DIRECTIONS - Transcribe the listing exactly, skipping every picture.

COLLECTED DATA -
--------------------

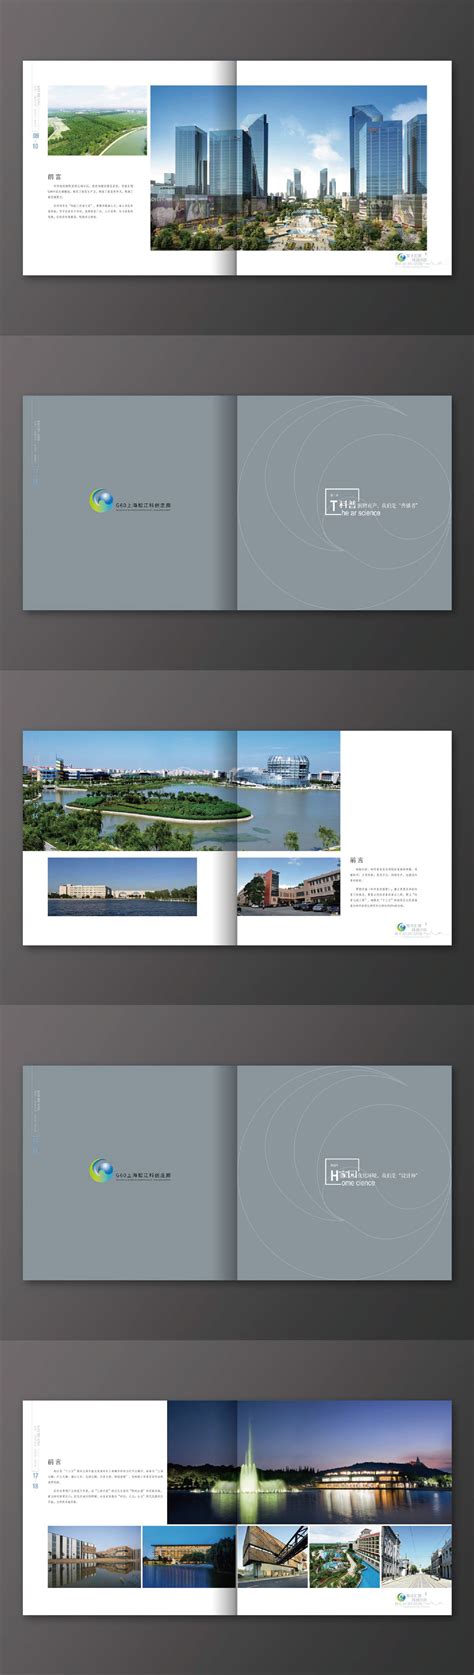 上海金陵松江现代产业服务园规划方案设计-办公建筑-筑龙建筑设计论坛
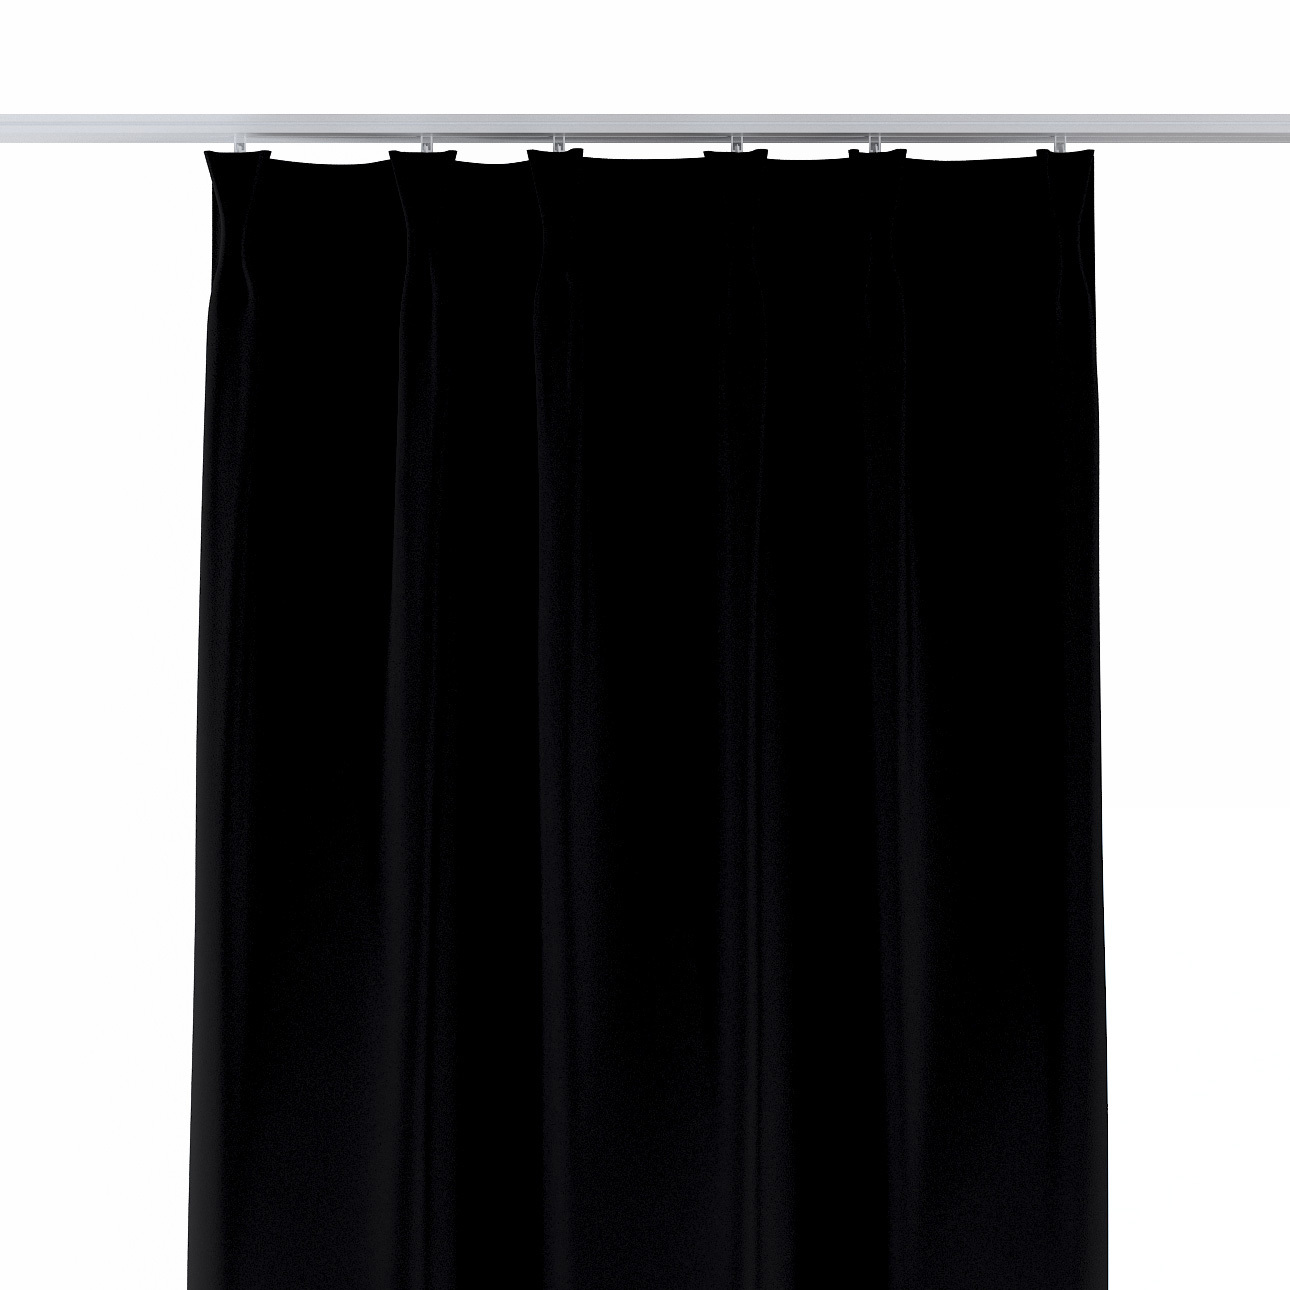 Vorhang mit flämischen 2-er Falten, schwarz, Blackout (verdunkelnd) (269-99 günstig online kaufen
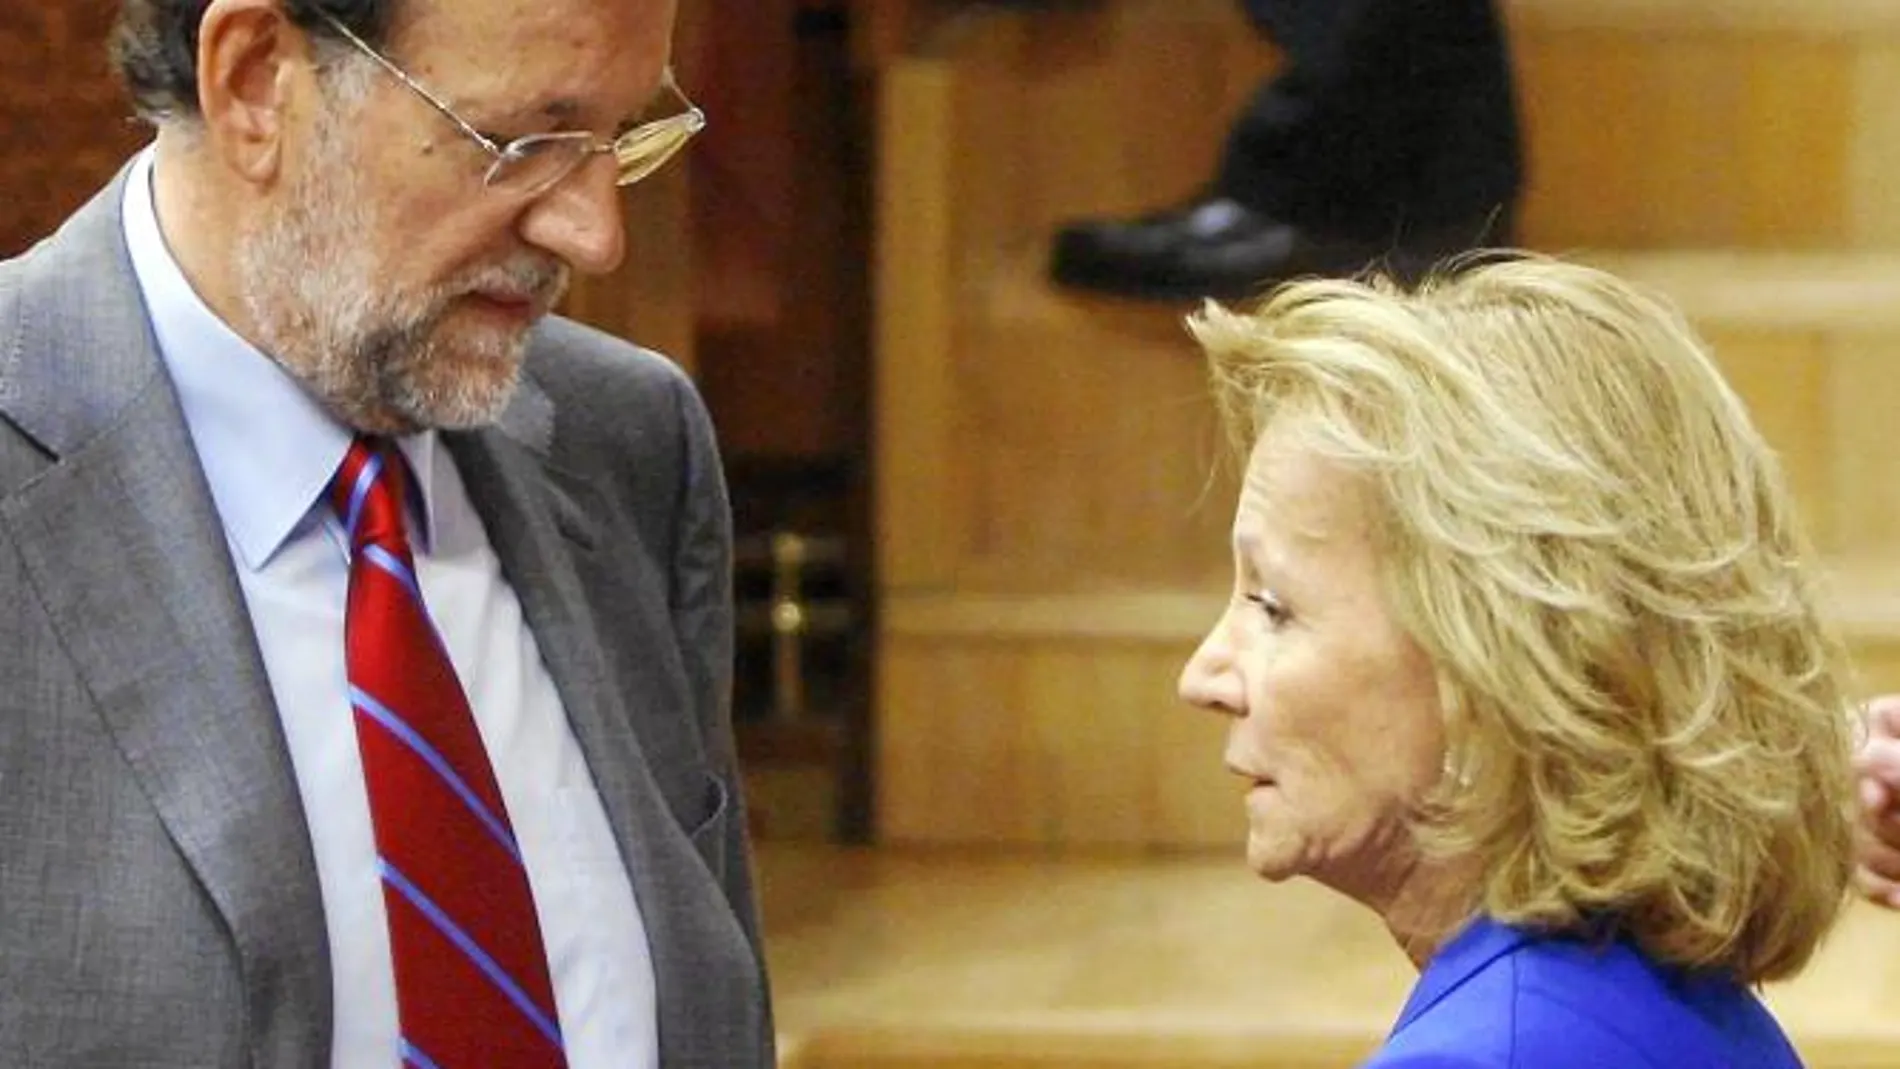 Rajoy, «muy contento»: Mariano Rajoy, que ayer mantuvo una intensa conversación con la vicepresidenta Elena Salgado, se mostró «muy contento» tras aprobarse la reforma.

--------------------

ANSWER SECTION -
 上海金陵松江现代产业服务园规划方案设计-办公建筑-筑龙建筑设计论坛
 Vorhang mit flämischen 2-er Falten, schwarz, Blackout (verdunkelnd) (269-99 günstig online kaufen
 Rajoy, «muy contento»: Mariano Rajoy, que ayer mantuvo una intensa conversación con la vicepresidenta Elena Salgado, se mostró «muy contento» tras aprobarse la reforma.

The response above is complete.